# Marriott Grand Chateau Las Vegas 2 bedroom 100.00 per nite 5/22-24



## jules54 (Apr 29, 2015)

Marriott Grand Chateau
Las Vegas
Two Bedroom Two Bathroom
Asking 100.00 per nite

2 nites 5/22 friday and 5/23  Saturday checking out on Sunday 5/24.

I will be using the condo the 5/17-5/21 but need to leave on Friday. This is a beautiful resort with super access to the strip.

Call or Text
Julie
402-432-6706


----------



## jules54 (Apr 29, 2015)

*Las Vegas*

I am going to New Orleans tomorrow morning so please call or text about this reservation.
Thanks for Looking

Julie
402-432-6706


----------



## mikeben (May 5, 2015)

*vegas rental*

we would be interested if you can make it $50/night. thanks.
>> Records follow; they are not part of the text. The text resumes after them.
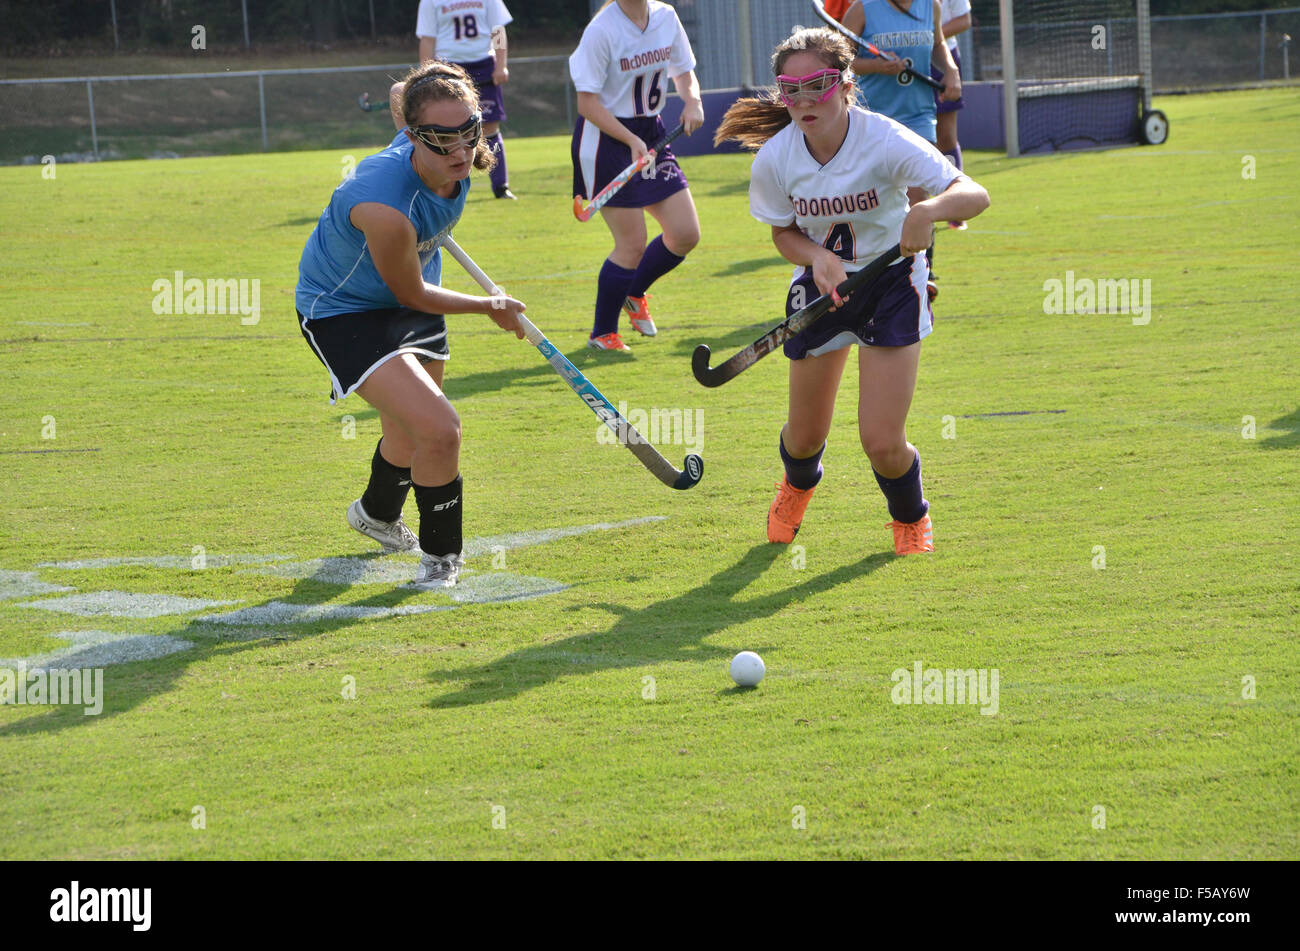 Girls playing field hockey in a high school game Stock Photo
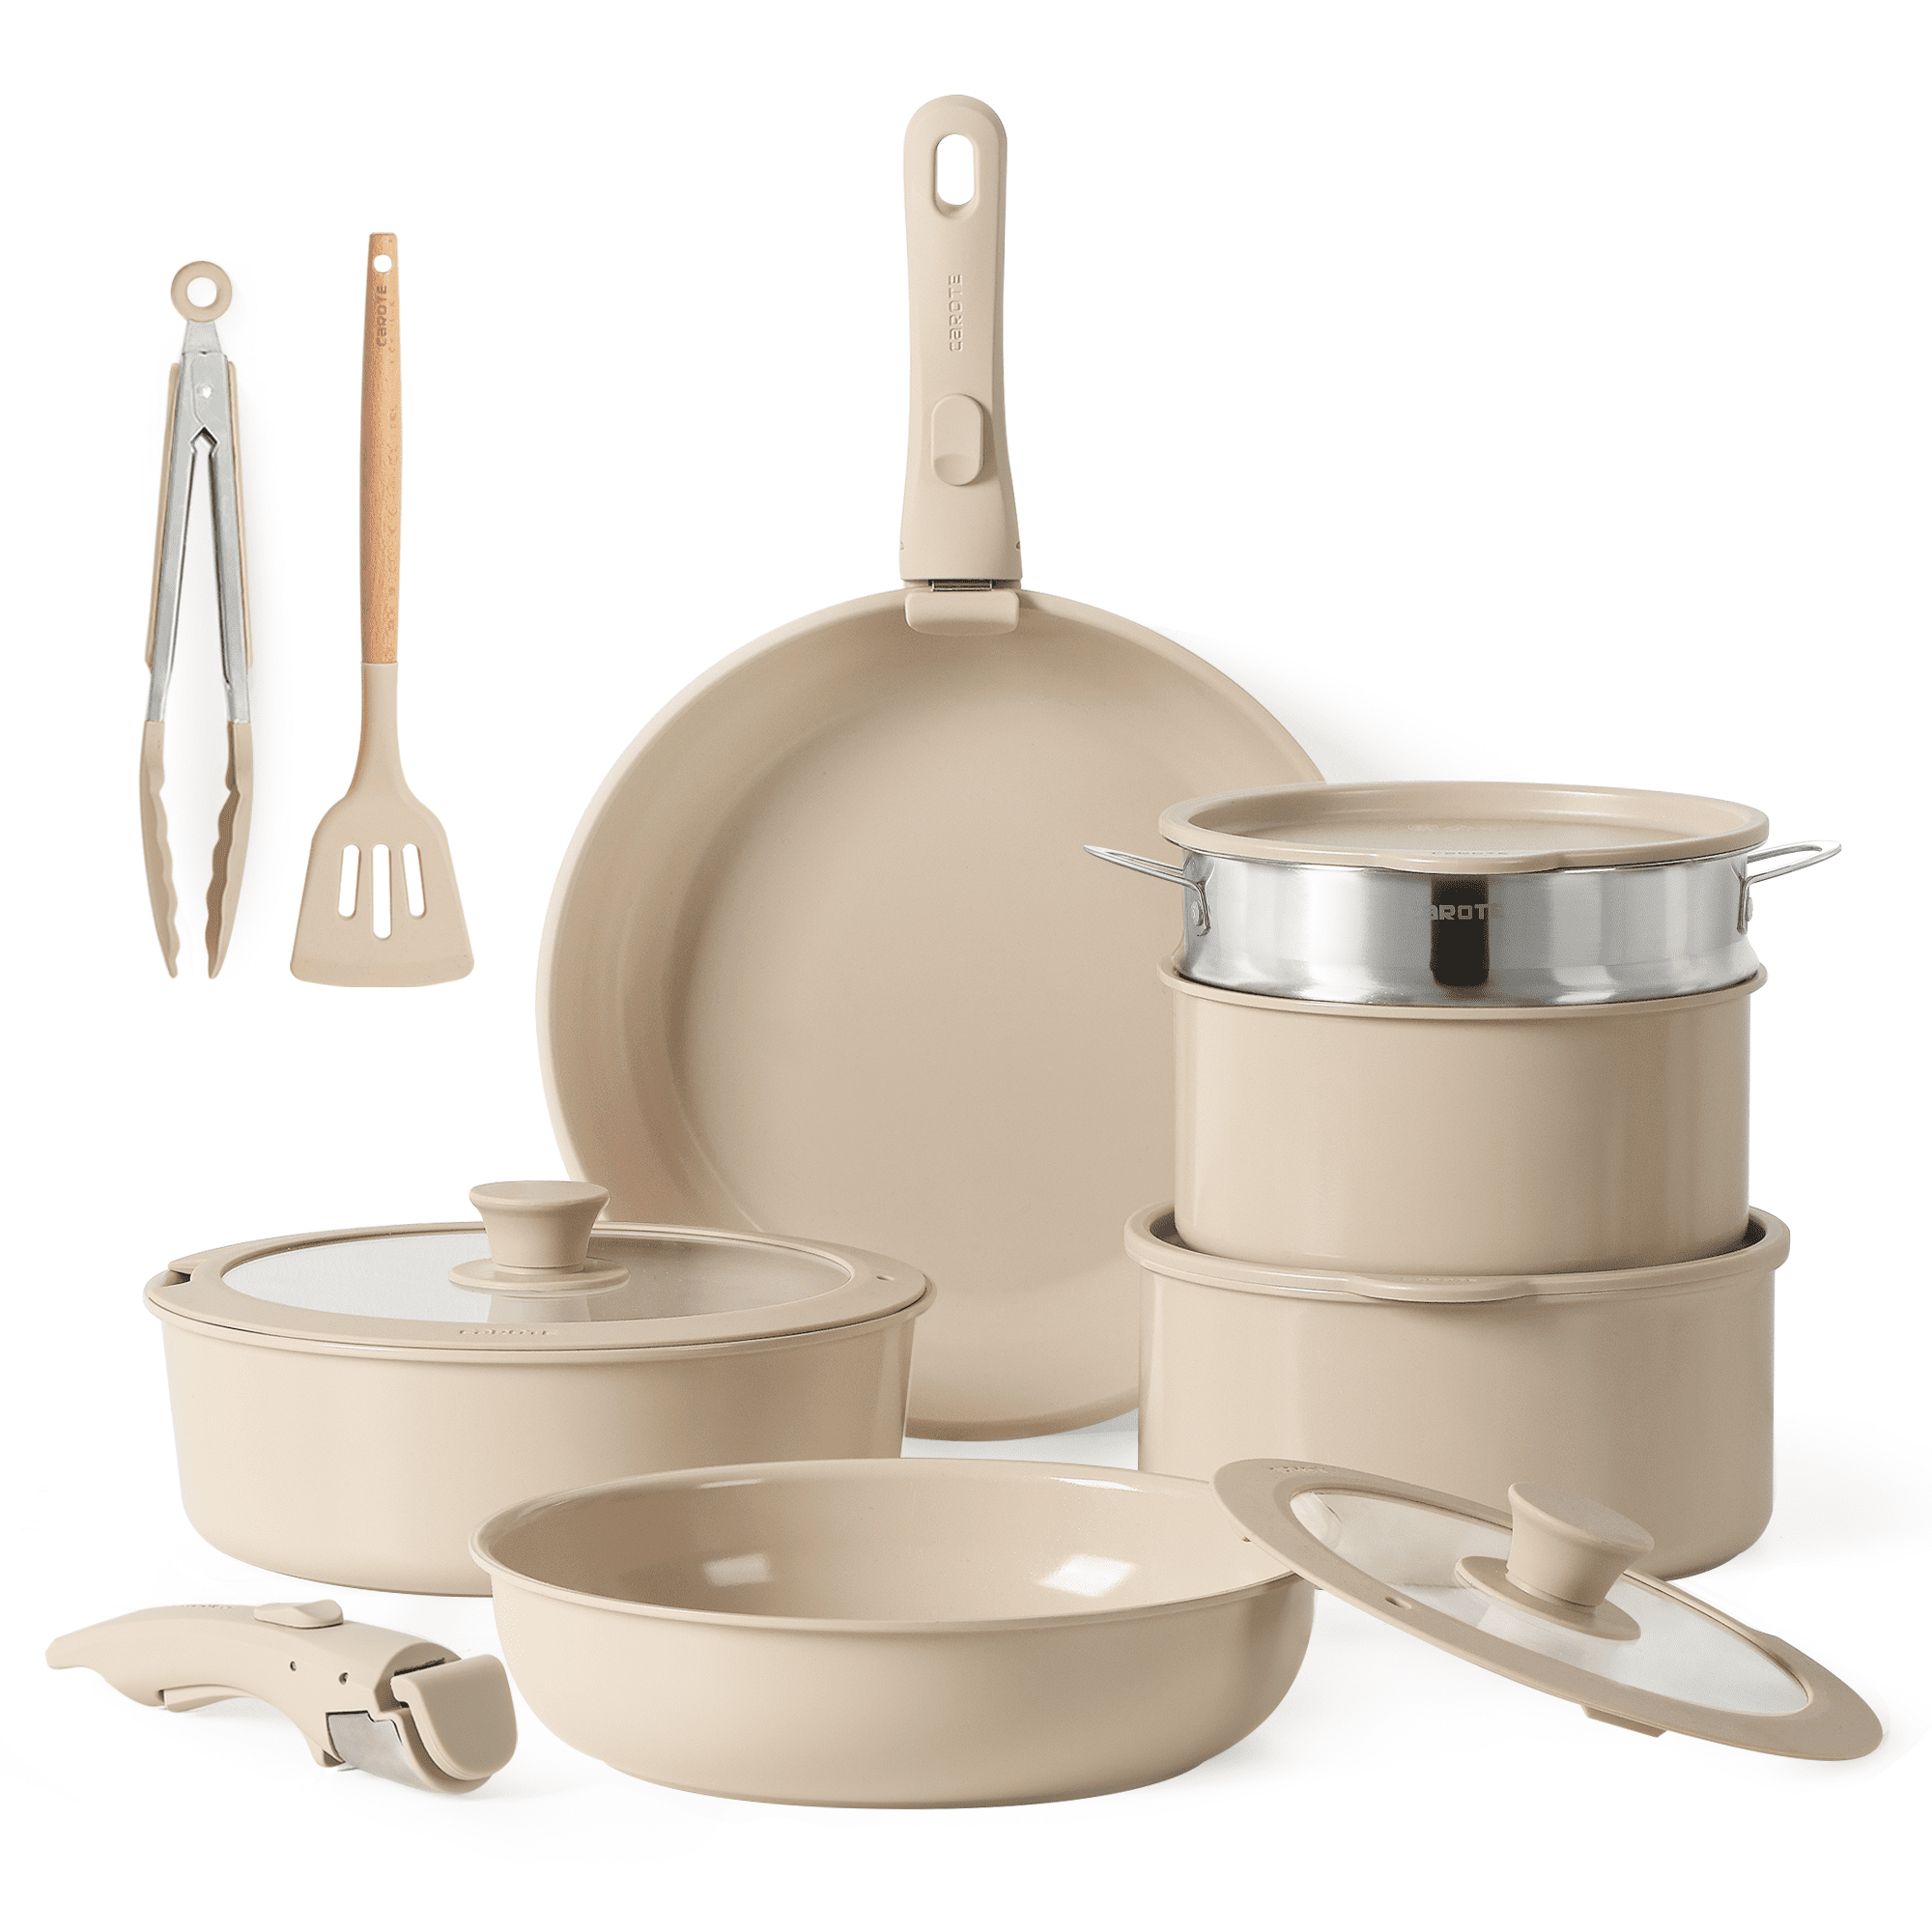 Carote cookware set review and unboxing
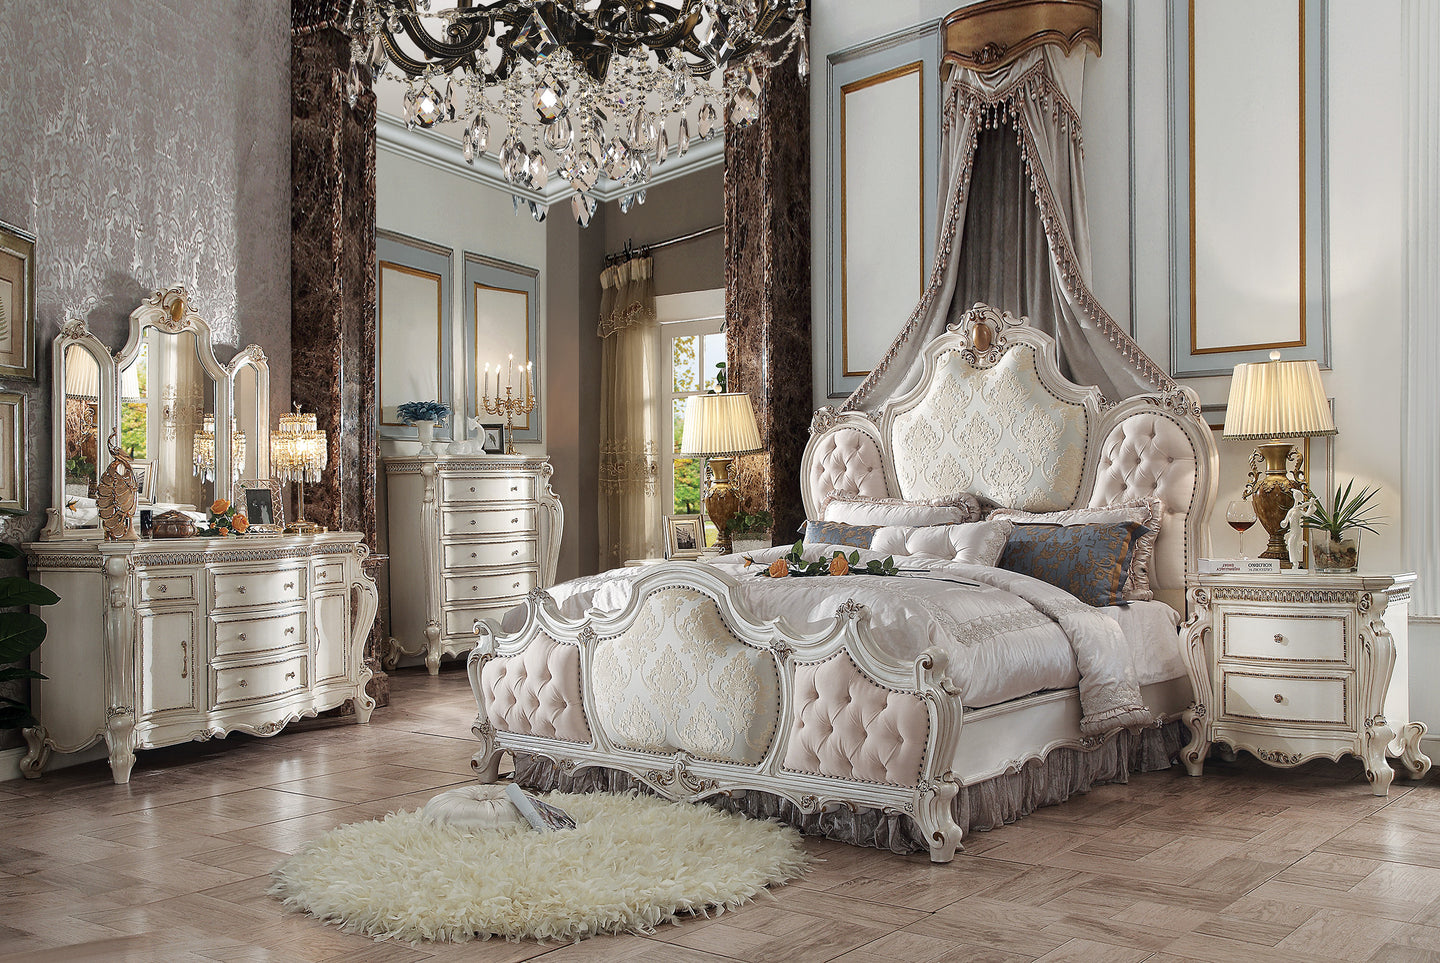 Picardy Fabric & Antique Pearl Queen Bed

Mike


----------



## ilene13 (May 5, 2015)

Is it still available?  If so could I rent a 3rd night from Marriott?


----------



## BJRSanDiego (May 5, 2015)

Will you be arranging and paying for the extra clean up of the unit so that we would be checking in to a clean unit ?  Also, is this an exchange or are you an owner?  I'm wondering if we would need a guest certificate in order to pick up the keys at the front desk.


----------